In-housing is a complex, multi-faceted beast and it is for this reason that I think there are nine levels of in-housing to be considered. In fact, as it is rarely an all-or-nothing proposition, we prefer to term it “right-housing.” Ahead of determining what to in-house, in our experience brands need to first be crystal clear on the media operating model they desire and the accompanying purpose. Is it about transparency? That can be achieved without significant in-housing, and just requires an honest, transparent agency to work with. Is it because the brand feels it needs to own its own data? The same thing applies. If, however, it is a result of a strategic imperative where, for instance, due to a shift towards direct-to-consumer, the brand feels that digital media and creative should be a core competency of their business, then it begins to make much more sense. For most brands, this is not the case. Most brands have in-house legal counsel but still lean heavily on external counsel for expertise. Schools have an in-house nurse for the basics, but certainly recommend a child sees a physician for anything beyond the basics. Brands have marketers in-house and, when those brands have great agencies that focus on incrementality and real outcomes, are likely best off leaning on an external expert for the bulk of the expertise that it takes to drive statistically valid results through incrementality.

What are the biggest challenges ahead for agencies?

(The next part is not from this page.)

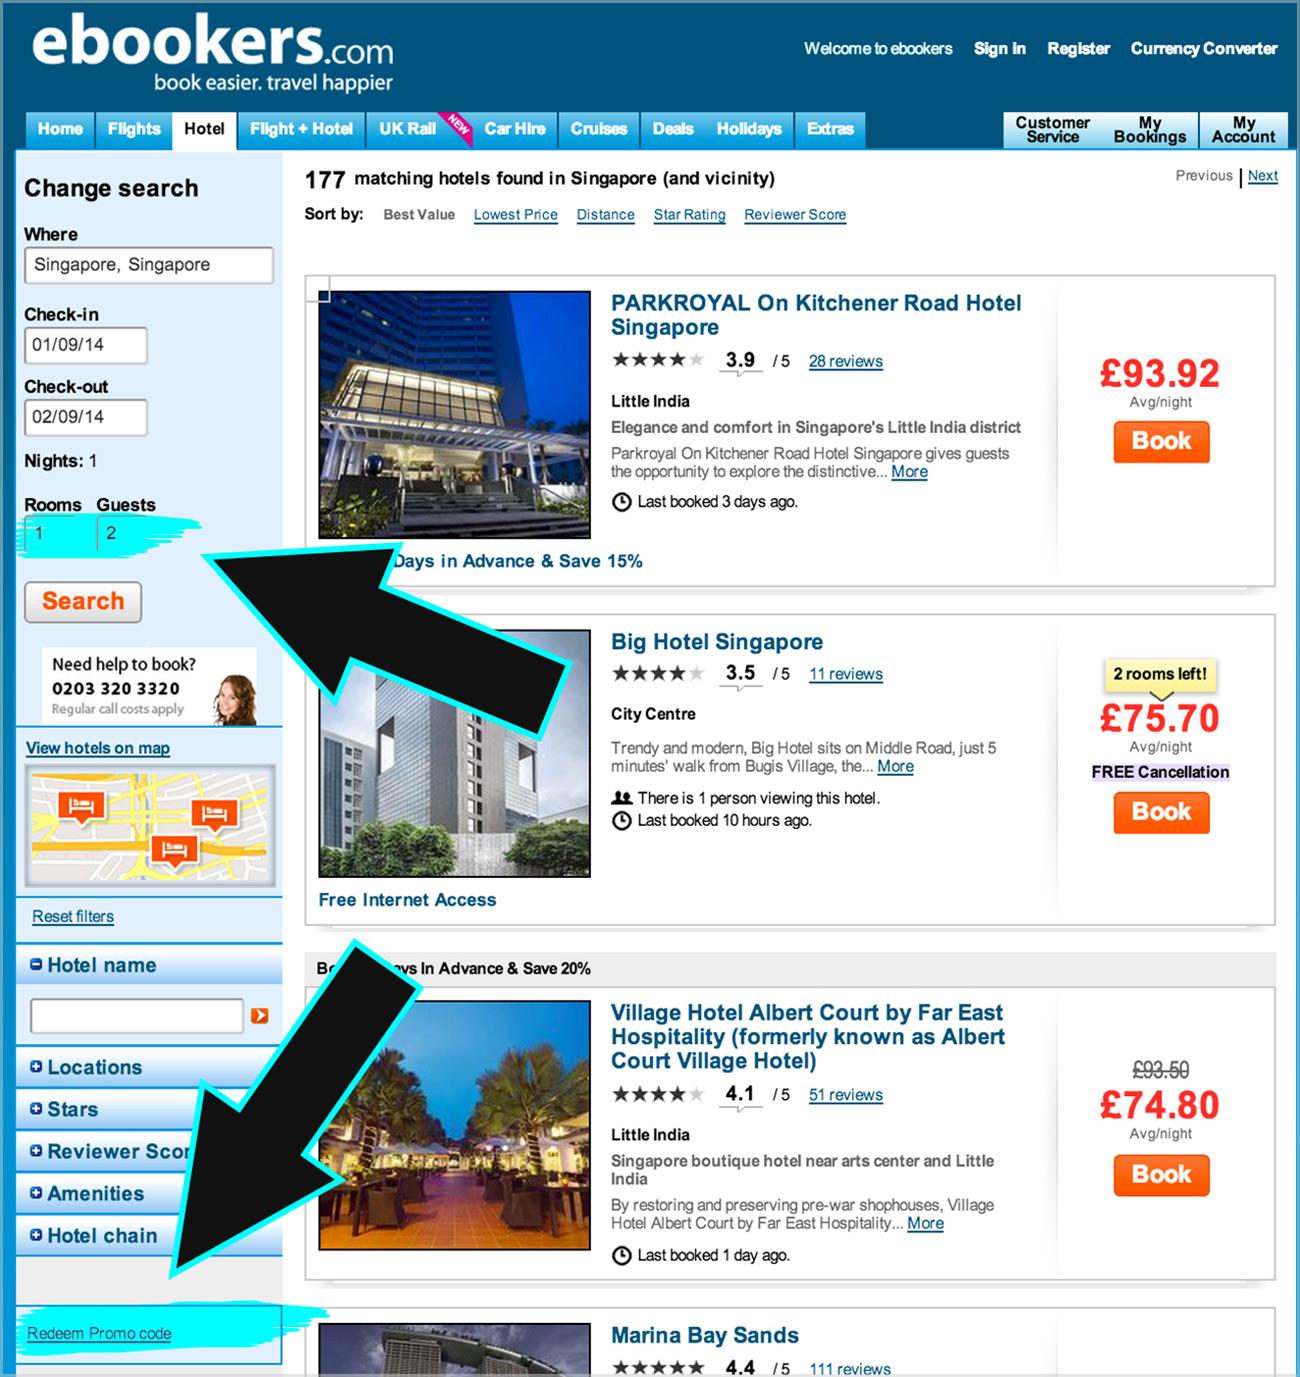 ebookers-promocode-2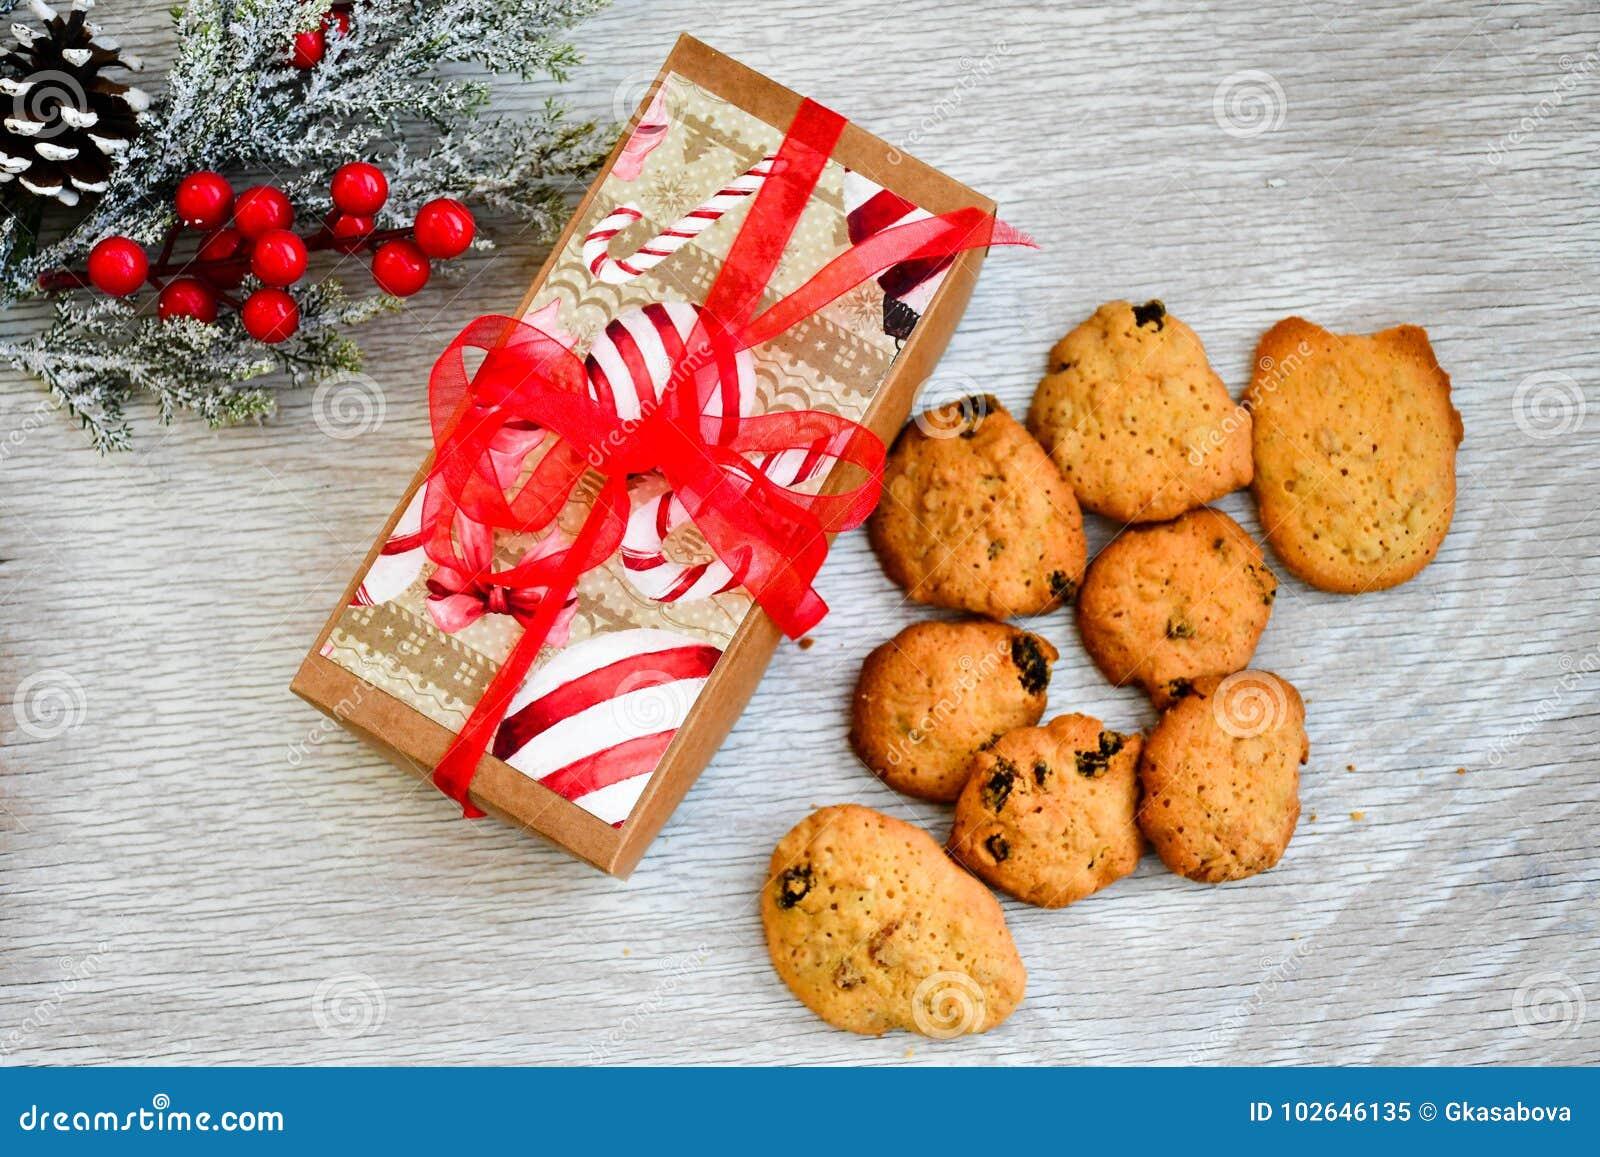 Christmas Cookies stock image. Image of calendar, balls - 102646135

Marketing is becoming a science, and most of the world does not yet see this. In the 1930s the world transitioned from homemade illness remedies to pharmaceuticals. Whiskey transitioned to antibiotics. For those who focused on home remedies and didn’t adapt to becoming chemists, the game was over. The same has occurred with farming. We went from farmers being great because of intuition to farmers being great because they understand the science of farming. This is happening in marketing and I’m surprised by how few agencies (and publications!) recognise it and are shouting about it.

Regardless of what happens with cookies and IDFAs, we will have enough information to measure incrementality with strong confidence levels. Boards and CFOs must treat every dollar/pound/euro inside an organisation as fungible. Money spent on marketing could just as easily be spent on facilities improvements, R&D, or product development. If a board sees real returns from money spent in R&D but only guesses from the returns in marketing, the CMO will be last on the board agenda. But, when a CMO shows up with concrete data about lift and how money being invested in marketing is a key growth-driver for the business, the CMO ends up first on the board agenda.

As 2020 has seen all brands dial up their digital transformation efforts and increase digital investment, this has multiplied the number of disciplines and initiatives that marketers need support with. To stay relevant and navigate around the tanks on their lawns from management consultants, agencies must adapt to provide the necessary advisory and consulting services here. Much of the time this is more about readiness and expertise ahead of spending media dollars so agencies must both think beyond paid channels, and dial up their capabilities in areas such as data, technology, and behavioural change.

Agencies must move from asking, “What’s our budget?” to “What’s our revenue target?” When agencies help CMOs think like this, respect from the board, CEO, and CFO expands the CMO’s influence, and gives the agency much more authority to create great work. The best agencies are already meaningfully down this road with most of their clients.